» **INPUT MATERIAL**:
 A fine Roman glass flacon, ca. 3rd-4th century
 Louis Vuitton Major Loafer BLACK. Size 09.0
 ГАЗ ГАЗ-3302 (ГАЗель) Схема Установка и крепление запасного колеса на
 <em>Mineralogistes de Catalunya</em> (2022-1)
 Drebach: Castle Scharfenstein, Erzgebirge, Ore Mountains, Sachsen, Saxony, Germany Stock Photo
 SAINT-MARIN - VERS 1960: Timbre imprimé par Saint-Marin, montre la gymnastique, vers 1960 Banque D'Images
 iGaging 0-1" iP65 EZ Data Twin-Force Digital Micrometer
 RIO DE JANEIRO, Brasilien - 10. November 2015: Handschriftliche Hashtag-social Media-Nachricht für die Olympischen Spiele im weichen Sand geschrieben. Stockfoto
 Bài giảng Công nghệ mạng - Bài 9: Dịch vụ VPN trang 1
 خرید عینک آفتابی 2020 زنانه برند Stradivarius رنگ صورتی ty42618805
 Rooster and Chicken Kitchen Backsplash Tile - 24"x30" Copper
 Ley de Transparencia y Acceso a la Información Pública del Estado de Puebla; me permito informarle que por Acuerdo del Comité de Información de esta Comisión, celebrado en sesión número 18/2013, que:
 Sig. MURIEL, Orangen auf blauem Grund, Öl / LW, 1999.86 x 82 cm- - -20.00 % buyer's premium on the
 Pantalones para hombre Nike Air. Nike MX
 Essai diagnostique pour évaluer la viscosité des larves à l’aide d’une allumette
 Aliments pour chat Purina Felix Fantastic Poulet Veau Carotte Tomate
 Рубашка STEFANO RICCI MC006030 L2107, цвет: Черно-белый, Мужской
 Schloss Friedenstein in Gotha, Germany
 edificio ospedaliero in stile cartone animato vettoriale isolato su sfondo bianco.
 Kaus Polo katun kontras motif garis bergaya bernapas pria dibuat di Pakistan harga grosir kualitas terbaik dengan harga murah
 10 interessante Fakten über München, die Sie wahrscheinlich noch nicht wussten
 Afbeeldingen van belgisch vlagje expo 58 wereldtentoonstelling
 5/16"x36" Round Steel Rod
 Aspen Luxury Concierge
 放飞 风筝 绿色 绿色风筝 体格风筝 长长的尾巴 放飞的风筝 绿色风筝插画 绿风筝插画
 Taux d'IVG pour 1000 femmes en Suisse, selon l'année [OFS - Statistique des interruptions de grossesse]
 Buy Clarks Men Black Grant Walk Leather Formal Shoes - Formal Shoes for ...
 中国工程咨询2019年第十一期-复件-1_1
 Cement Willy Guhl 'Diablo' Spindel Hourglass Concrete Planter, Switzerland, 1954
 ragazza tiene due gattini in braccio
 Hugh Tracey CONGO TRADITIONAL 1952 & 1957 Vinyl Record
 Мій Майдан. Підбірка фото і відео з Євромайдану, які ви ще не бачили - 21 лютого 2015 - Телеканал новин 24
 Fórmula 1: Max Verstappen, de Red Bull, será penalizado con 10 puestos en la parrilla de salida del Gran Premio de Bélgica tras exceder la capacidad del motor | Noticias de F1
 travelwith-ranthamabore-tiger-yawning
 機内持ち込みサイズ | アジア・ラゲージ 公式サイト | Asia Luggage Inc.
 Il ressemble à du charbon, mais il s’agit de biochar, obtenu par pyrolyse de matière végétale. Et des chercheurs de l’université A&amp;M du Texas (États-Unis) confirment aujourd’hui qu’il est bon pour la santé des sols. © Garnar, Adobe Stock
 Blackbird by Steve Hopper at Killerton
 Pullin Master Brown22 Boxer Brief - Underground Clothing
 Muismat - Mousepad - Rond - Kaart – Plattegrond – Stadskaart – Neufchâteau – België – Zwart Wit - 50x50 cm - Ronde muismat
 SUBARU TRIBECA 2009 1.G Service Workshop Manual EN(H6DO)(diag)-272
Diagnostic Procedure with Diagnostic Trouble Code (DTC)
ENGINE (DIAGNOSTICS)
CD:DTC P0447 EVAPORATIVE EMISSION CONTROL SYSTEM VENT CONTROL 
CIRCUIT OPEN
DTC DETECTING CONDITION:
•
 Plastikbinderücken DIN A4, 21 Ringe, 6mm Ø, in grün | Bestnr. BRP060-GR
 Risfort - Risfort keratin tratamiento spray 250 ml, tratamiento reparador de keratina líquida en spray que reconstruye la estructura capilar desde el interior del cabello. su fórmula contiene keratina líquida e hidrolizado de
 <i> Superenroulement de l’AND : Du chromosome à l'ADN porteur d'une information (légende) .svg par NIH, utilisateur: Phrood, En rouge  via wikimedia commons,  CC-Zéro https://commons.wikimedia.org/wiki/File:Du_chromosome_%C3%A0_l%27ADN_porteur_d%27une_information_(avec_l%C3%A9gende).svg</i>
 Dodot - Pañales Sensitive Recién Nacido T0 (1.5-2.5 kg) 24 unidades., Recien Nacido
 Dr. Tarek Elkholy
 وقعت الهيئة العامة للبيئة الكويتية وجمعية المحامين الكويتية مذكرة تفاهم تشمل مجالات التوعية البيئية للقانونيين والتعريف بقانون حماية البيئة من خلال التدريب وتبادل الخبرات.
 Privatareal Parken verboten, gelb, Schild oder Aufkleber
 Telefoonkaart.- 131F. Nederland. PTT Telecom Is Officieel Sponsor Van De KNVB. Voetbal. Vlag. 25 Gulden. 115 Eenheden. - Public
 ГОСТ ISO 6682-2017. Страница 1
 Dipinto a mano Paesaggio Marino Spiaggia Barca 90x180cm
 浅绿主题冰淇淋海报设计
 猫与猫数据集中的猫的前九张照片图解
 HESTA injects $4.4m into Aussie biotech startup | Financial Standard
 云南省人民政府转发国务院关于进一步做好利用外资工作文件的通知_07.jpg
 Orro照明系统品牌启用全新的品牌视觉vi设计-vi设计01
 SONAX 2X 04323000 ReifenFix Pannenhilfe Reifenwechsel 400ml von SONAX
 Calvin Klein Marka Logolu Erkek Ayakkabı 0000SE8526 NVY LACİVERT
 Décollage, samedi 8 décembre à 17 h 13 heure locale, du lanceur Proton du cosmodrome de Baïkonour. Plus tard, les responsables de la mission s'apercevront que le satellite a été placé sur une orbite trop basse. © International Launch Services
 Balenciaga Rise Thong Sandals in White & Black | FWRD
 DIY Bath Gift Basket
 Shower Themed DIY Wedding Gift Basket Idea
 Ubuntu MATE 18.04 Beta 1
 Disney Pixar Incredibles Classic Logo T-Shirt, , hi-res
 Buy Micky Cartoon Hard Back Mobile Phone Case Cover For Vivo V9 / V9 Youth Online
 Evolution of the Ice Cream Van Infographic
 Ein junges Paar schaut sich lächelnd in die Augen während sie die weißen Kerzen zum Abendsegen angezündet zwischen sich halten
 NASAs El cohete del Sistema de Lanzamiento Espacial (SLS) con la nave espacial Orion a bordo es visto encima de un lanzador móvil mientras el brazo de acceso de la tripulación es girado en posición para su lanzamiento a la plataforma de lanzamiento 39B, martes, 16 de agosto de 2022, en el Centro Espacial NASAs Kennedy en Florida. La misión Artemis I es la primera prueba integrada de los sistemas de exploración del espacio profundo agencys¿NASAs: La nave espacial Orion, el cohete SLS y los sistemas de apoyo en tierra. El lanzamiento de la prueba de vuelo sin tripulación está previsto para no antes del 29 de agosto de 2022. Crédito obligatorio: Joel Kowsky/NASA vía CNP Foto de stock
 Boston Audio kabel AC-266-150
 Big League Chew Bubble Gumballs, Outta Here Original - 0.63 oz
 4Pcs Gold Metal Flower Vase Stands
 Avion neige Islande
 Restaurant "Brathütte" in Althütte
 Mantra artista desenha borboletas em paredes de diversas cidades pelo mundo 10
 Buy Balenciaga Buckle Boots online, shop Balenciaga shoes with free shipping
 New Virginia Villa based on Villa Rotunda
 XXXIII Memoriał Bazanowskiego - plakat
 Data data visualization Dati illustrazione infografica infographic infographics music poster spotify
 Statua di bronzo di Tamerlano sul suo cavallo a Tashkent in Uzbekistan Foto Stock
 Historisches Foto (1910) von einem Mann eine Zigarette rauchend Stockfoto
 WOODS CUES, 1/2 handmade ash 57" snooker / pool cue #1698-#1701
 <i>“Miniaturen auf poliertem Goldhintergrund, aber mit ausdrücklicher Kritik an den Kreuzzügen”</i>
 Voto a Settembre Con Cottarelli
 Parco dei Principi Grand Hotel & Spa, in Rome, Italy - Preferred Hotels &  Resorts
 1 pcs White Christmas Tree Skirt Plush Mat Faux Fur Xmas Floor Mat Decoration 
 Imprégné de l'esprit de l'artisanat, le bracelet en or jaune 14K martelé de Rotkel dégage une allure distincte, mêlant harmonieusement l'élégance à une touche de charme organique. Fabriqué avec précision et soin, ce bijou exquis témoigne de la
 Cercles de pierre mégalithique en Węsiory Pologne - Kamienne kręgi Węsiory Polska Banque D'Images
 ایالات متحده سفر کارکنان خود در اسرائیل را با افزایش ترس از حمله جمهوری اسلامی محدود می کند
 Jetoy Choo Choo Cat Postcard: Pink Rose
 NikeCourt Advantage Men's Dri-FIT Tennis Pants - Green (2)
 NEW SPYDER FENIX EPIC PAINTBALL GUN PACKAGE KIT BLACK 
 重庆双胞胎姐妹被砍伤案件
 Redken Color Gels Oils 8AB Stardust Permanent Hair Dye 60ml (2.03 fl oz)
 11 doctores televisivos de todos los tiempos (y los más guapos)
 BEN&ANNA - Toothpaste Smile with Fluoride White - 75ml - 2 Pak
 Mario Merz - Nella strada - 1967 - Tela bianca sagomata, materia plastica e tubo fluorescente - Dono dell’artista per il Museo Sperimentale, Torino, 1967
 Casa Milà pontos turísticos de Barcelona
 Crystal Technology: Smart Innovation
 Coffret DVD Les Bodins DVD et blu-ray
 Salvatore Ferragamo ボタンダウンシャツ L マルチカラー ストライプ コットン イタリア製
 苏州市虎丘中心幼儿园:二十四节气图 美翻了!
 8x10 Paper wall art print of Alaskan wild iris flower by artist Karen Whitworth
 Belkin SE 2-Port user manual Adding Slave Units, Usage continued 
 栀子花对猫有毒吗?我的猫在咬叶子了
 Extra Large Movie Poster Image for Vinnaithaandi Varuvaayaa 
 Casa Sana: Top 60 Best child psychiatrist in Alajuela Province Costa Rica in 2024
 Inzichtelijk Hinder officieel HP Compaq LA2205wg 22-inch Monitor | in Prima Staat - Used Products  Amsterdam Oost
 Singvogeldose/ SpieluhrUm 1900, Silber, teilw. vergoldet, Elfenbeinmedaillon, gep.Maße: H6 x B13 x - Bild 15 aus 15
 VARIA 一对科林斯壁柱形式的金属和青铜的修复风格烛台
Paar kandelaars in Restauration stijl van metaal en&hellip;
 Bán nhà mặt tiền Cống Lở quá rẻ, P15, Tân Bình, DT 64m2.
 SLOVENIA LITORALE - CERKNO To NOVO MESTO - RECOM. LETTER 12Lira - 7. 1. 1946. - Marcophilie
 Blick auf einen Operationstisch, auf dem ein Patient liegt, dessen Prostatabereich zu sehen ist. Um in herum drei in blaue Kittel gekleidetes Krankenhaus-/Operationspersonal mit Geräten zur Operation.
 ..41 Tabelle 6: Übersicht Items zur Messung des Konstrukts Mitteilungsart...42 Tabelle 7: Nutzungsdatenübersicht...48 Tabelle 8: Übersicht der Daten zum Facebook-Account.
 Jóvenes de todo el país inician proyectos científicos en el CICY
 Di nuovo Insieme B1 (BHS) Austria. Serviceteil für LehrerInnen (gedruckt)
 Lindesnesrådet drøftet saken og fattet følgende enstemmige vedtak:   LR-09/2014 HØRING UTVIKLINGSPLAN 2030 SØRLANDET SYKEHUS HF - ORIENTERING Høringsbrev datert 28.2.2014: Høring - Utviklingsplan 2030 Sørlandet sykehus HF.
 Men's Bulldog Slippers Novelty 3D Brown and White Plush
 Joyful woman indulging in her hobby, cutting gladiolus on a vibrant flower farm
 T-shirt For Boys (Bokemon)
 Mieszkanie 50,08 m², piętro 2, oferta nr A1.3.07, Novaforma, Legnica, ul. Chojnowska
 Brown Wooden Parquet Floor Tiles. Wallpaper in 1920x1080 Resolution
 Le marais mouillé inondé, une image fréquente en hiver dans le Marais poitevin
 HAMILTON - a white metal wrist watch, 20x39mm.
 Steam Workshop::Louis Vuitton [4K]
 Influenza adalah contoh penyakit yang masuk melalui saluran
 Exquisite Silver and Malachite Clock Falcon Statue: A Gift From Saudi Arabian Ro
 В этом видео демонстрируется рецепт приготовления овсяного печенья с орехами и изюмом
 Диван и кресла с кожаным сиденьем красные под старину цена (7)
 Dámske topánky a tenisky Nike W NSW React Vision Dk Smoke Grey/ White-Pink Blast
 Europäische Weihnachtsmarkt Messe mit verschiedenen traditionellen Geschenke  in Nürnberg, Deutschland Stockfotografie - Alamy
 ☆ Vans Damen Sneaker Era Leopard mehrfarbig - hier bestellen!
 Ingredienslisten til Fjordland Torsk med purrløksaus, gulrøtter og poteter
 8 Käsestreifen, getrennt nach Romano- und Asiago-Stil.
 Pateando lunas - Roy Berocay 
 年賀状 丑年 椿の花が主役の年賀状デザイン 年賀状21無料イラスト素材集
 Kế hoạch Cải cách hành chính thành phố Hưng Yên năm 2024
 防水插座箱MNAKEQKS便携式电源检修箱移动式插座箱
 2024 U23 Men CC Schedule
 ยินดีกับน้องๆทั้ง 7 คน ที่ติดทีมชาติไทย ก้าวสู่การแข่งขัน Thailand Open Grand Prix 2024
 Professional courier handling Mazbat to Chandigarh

» **ACTIVITY**:
Beginning at the line with "Shower Themed DIY Wedding Gift Basket Idea" and ending at the line with "Ein junges Paar", reproduce each line of the data above exactly, and add no other lines.

» **THE ANSWER**:
 Shower Themed DIY Wedding Gift Basket Idea
 Ubuntu MATE 18.04 Beta 1
 Disney Pixar Incredibles Classic Logo T-Shirt, , hi-res
 Buy Micky Cartoon Hard Back Mobile Phone Case Cover For Vivo V9 / V9 Youth Online
 Evolution of the Ice Cream Van Infographic
 Ein junges Paar schaut sich lächelnd in die Augen während sie die weißen Kerzen zum Abendsegen angezündet zwischen sich halten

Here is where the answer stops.